2011 yılında
izlediğimiz Insidious / Ruhlar Bölgesi,
son yıllarda sırtını iyice istismar sinemasına dayayan, korku/gerilim kulvarındaki
neredeyse hepsi birbirinin benzeri filmlerden ayrılan, bizi tekrar “saf korku
sineması” sularına götüren farklı bir film olarak hafızalarda yer etmişti. Bu
yıl içinde The Conjuring / Korku Seansı
ile de sinemalarımızda ağırladığımız ve bir kez daha takdir ettiğimiz James Wan, bu hafta Insidious’a çektiği devam filmiyle bir
kez daha vizyonda…
İkinci film, önemli bir “flashback” ile başlıyor. Daha sonra ise ilk filmin tam kaldığı yere
gidiyor ve oradan devam ediyoruz. Hatırlanacağı gibi ilk filmin sonunda Josh, oğlu Dalton’u “öteki taraf”tan
kurtarıp, geri dönmeyi başarmış, ancak medyum Elise’in esrarengiz ölümü ve Josh’ın tuhaf tavırları işlerin o
kadar da yolunda olmadığına dair bir sinyal olarak verilmişti. Olay örgüsü
buradan başlıyor ve genişleyerek ilerliyor. Ölen medyum Elise’in tuhaf ve komik
yardımcıları, Elise’in ölümündeki gizemi aydınlatması için Carl’ı buluyorlar. Böylece Elise’in ölümüyle ortaya çıkan “olayları
çözebilecek paranormal güçleri olan kişi” boşluğu da başarıyla doldurulmuş
oluyor. İlk filmin sonlarında kilit bir ayrıntı olarak ortay çıkan Josh’ın
geçmişine dair hatırlamadığı olaylar, bu filmin olay örgüsünün içine başarıyla
yerleştiriliyor. Bununla bağlantılı olarak, ilk filmde ufak bir rolü olan Josh’ın annesi Lorraine, öyküye bu kez
daha kilit bir rol ile dahil oluyor. Carl, Lorraine ve medyum Elise’in iki
yardımcısı olayın çözümünde, Lorraine’in geçmişi ile bağlantılı bir isme
ulaşıyorlar…
James Wan, yine ilk filmdeki serinkanlı anlatımını genel
anlamda korumaya çalışsa da burada daha bir stüdyo filmi havası olaya hakim
oluyor. Bir yandan karışık bir entrika çözümlenmeye çalışılırken, diğer yandan
da araya serpiştirilmiş “korkutucu anlar”

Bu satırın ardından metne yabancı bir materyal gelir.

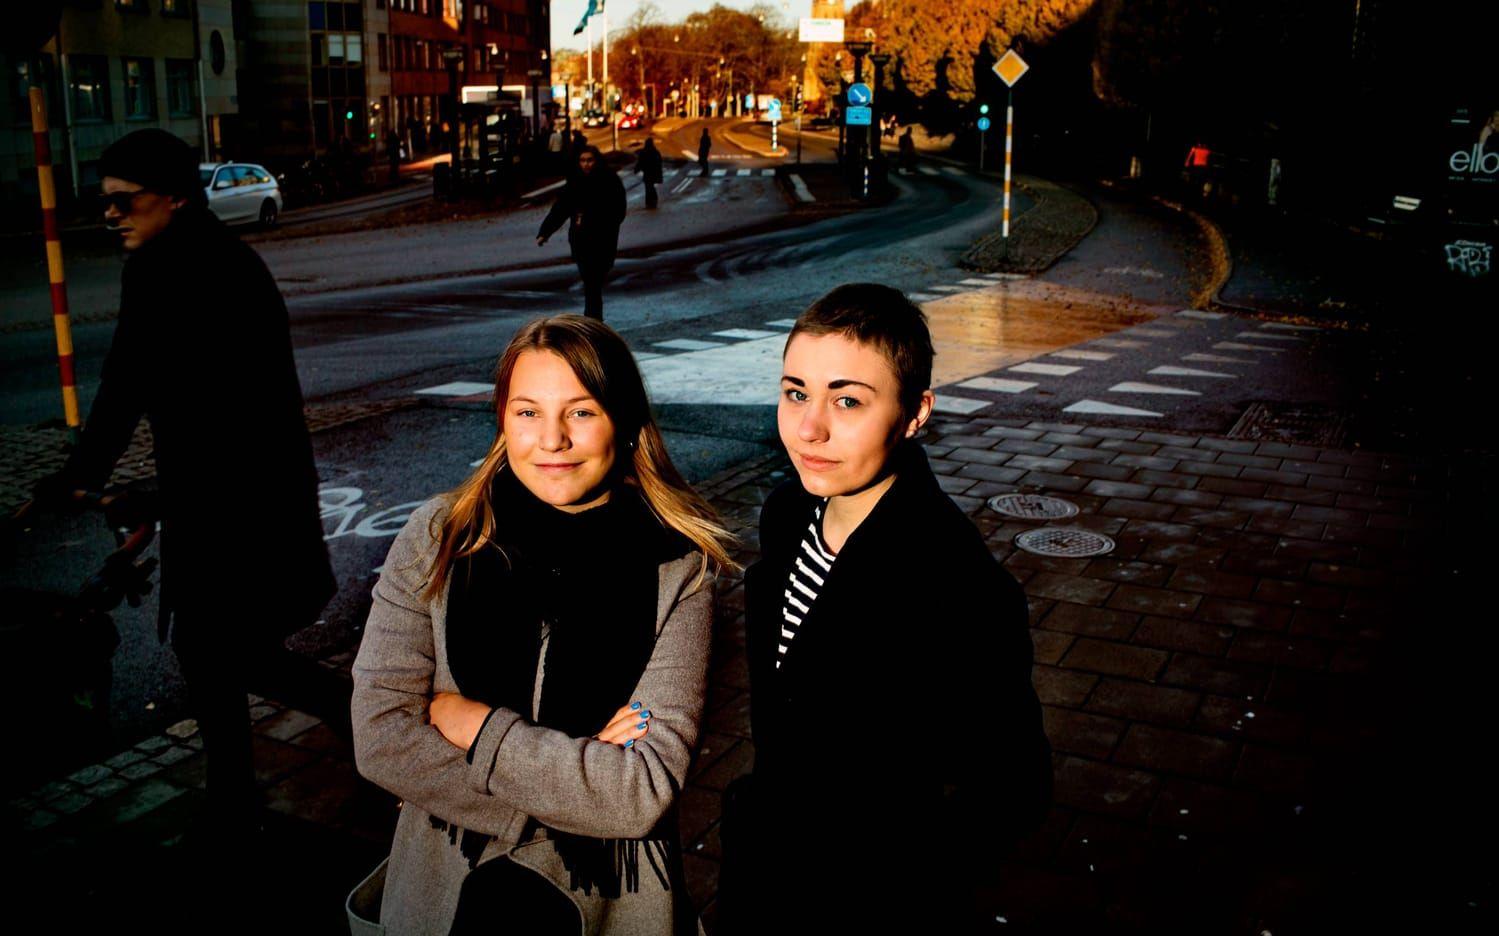 Juriststudenterna Kristin Busterud Öhman och Mikaela von Bornstedt. Bild: Per Wahlberg.
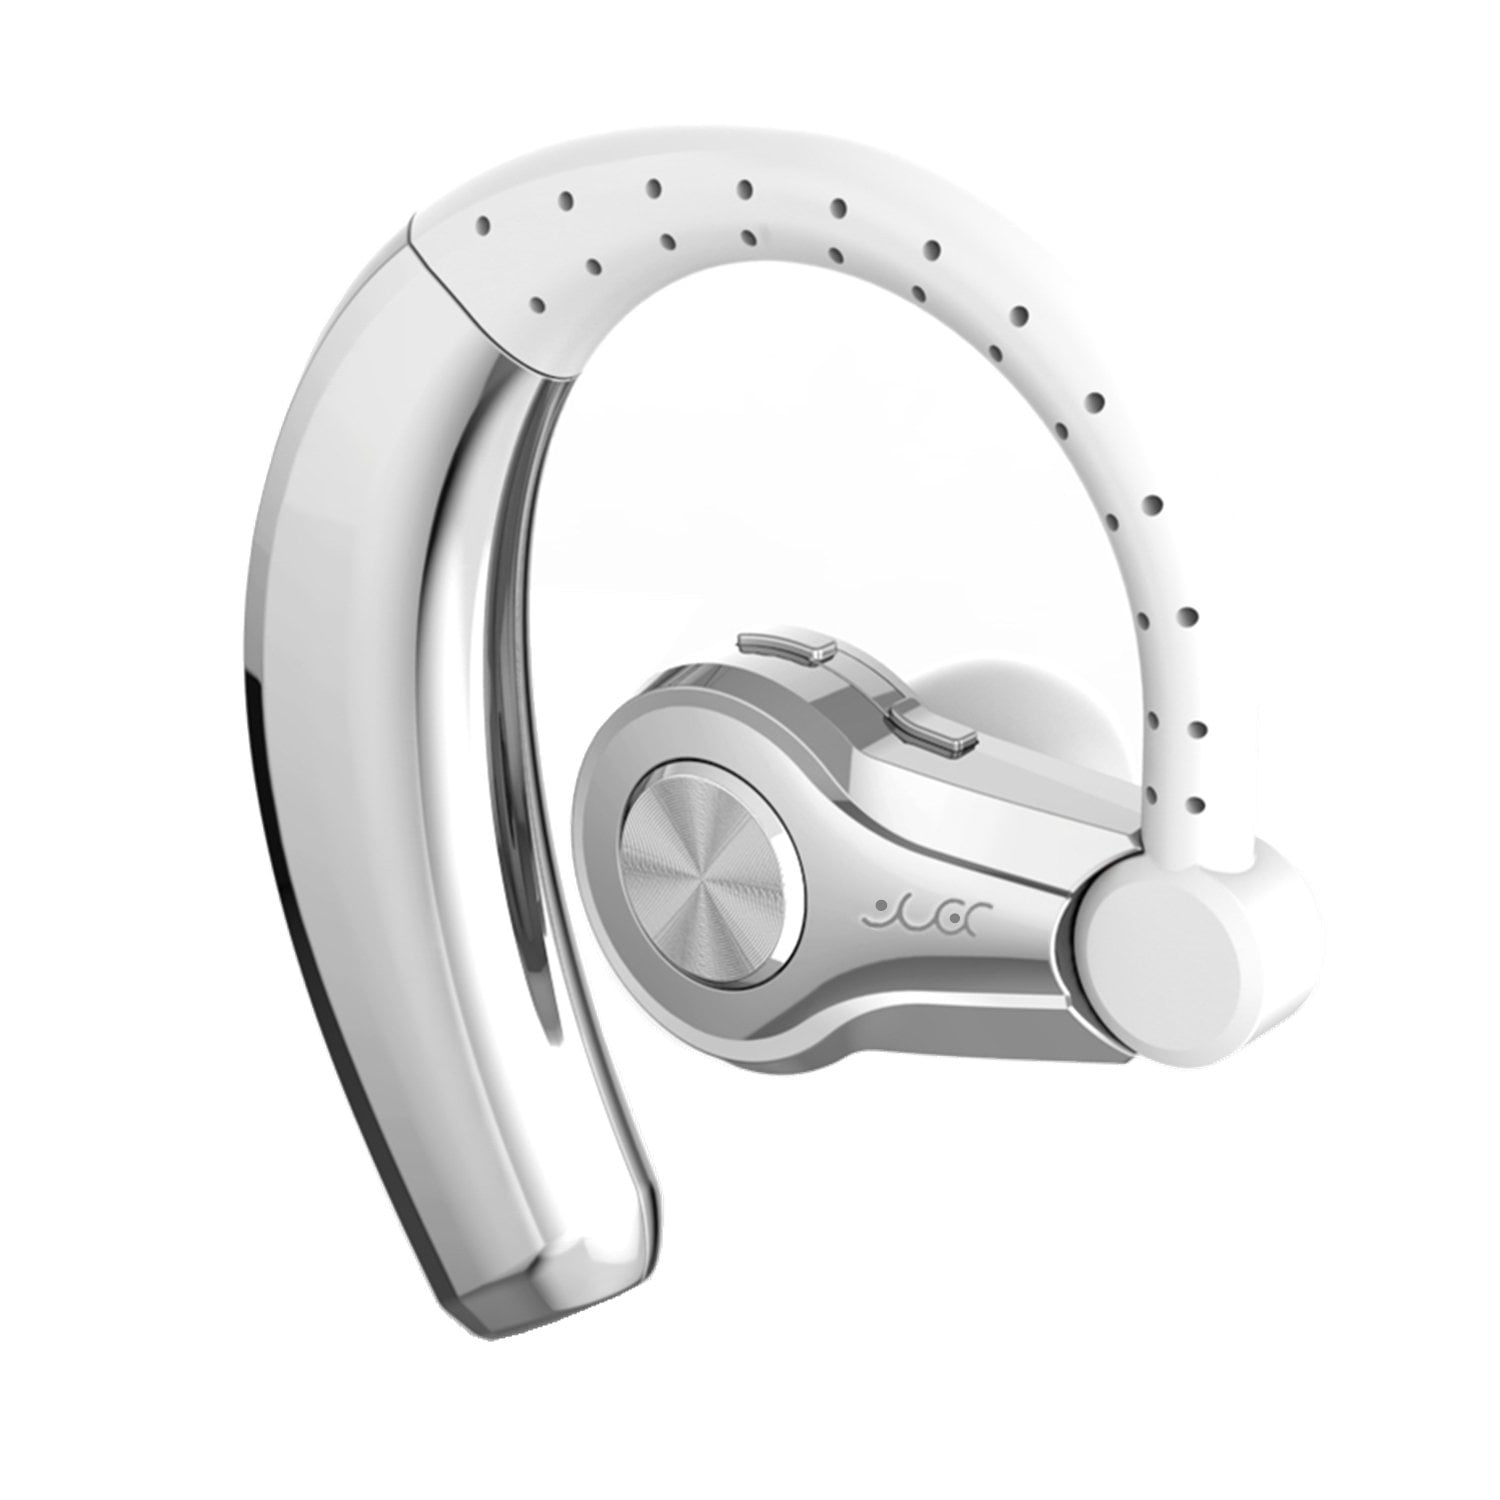 Details about   Mini Wireless Bluetooth Earphone in Ear Sport with Mic Handsfree Headset Earbuds

izlemeye başlıyoruz. Bu da zaten yeterince karışık olan olay örgüsü ve
karakterler zincirini takip etmeyi daha da yorucu hale getiriyor. Aynı zamanda
korku sahnelerinin de, ilk filmin aksine, ana olay örgüsünden kopuk bir hal
almalarına yol açıyor. İlk filmde, koma benzeri, fakat ne olduğu kesinlikle
çözülemeyen bir uyku hali yaşayan çocuğun ailesinin, neler döndüğünü çözme
çabaları içerisine eklemlenen korku sahneleri çok daha anlamlıyken buradakiler
havada kalıyor ve böylece korkutucu olmaktan da uzaklaşıyorlar. Ani sıçratma efekti ile bu durumu kurtarma
çabaları ise tabii ki yetersiz kalıyor. Aynı zamanda filmin, ilk filmi
seyretmemiş olanlar için hemen hemen hiçbir şey ifade etmeyeceğini de
belirteyim. Zira ilk filme ait ipuçları verilmiş olsa da tam anlamıyla net
bilgiler verilmiyor. Böyle olunca direkt bu filmi izleyecek bir izleyici için
film, korkutucu sahnelerin arka arkaya dizildiği, kim ve neci oldukları çok da önemsenmeyecek bir grup
insanın koşuşturmacalarından ibaret bir hal alıyor. Bu da ilk filmi izlememiş
olanların özellikle aklında bulunsun.
Yine de bu kadar şikayetten sonra, filmin hiç de fena
olmadığını, vizyonda izlediğimiz çoğu korku filminden daha eli yüzü düzgün bir
havası olduğunu ekleyeyim. Ayrıca şimdiden bir klasik olma yolundaki ilk filmin
-hiç değilse- olay örgüsüne, anlamlı parçalar ekleyebildiğini söylemek lazım.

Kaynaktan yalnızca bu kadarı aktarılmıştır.